WIP: More link fixes, rewording

jhogberg · jhogberg · commit dea105b42a57 · 2025-12-04T10:39:00.000+01:00
diff --git a/system/doc/design_principles/secure_coding.md b/system/doc/design_principles/secure_coding.md
@@ -954,8 +954,8 @@ B = ets:lookup(registered_table, KeyB).
 #### [`DSG-011`] - Only Deserialize Trusted Data
 [`DSG-011`]: #rule-dsg-011
 
-There exist a variety of functionality in Erlang/OTP that serialize general
-Erlang terms. Such functionality is intended to be used in a trusted
+Erlang/OTP provides various functionality that serializes and deserializes
+general Erlang terms. Such functionality is intended to be used in a trusted
 environment and is not suitable for communication with untrusted entities. For
 example, you do not want to load a [`mnesia`] backup from an untrusted entity.

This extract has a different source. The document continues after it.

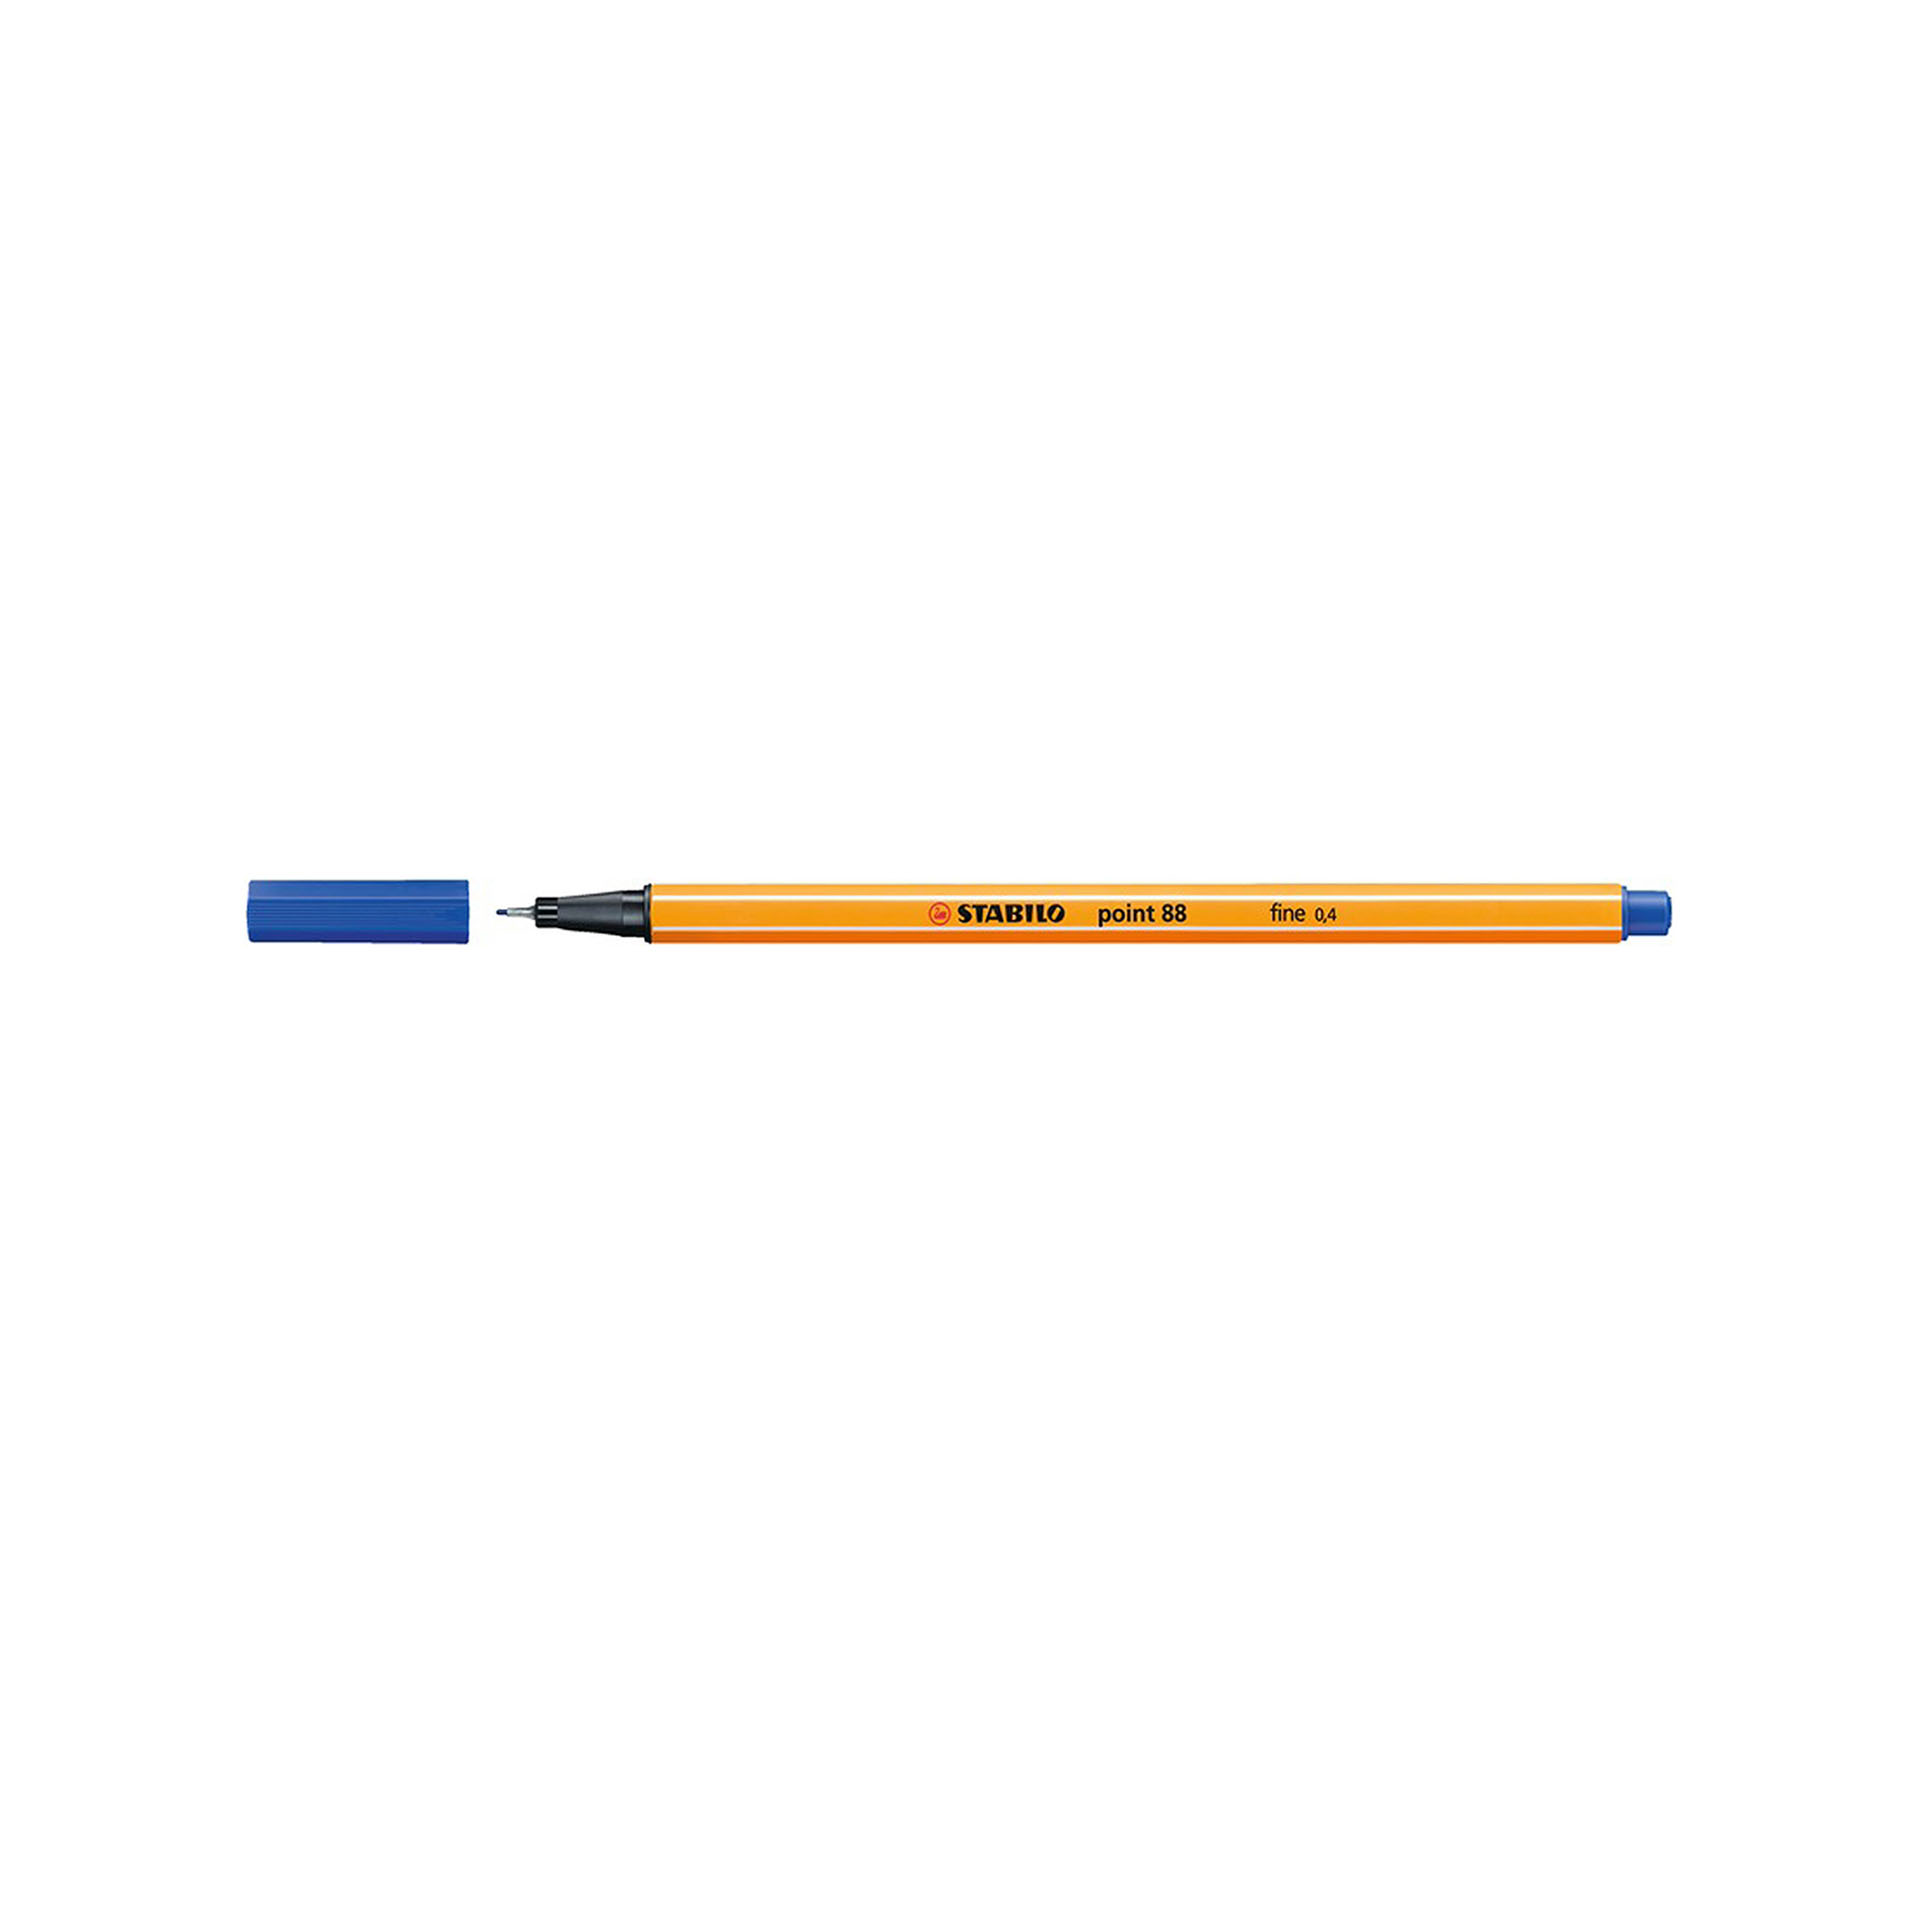 Fineliner - STABILO point 88 - Pack da 3 - Blu, , large

 One issue with this being the potential for atom exhaustion, but more
@@ -1247,7 +1247,7 @@ Related CWEs and OWASP risks: [CWE-242], [CWE-489], [`A06:2025`]
 
 | Unsafe functionality                       | Alternative functionality                                           | Note                                          |
 |:-------------------------------------------|:--------------------------------------------------------------------|:----------------------------------------------|
-| Undocumented functions/functionality       | *Only* use documented and supported functionality                   | See [Undocumented Functions/Functionality]    |
+| Undocumented functions/functionality       | *Only* use documented and supported functionality                   | See [`DSG-004`]                               |
 | [`open_port/2`] with `{spawn, _}` argument | [`open_port/2`] with `{spawn_executable\|spawn_driver, _}` argument | See [`MSC-003`]                               |
 | `m:http_uri` module                        | `m:uri_string` module                                               |                                               |
 | `crypto:start/0`                           | `application:start(crypto)`                                         | See [Initializing `crypto`]                   |
@@ -1307,7 +1307,7 @@ Related CWEs and OWASP risks: [CWE-242], [CWE-489], [`A06:2025`]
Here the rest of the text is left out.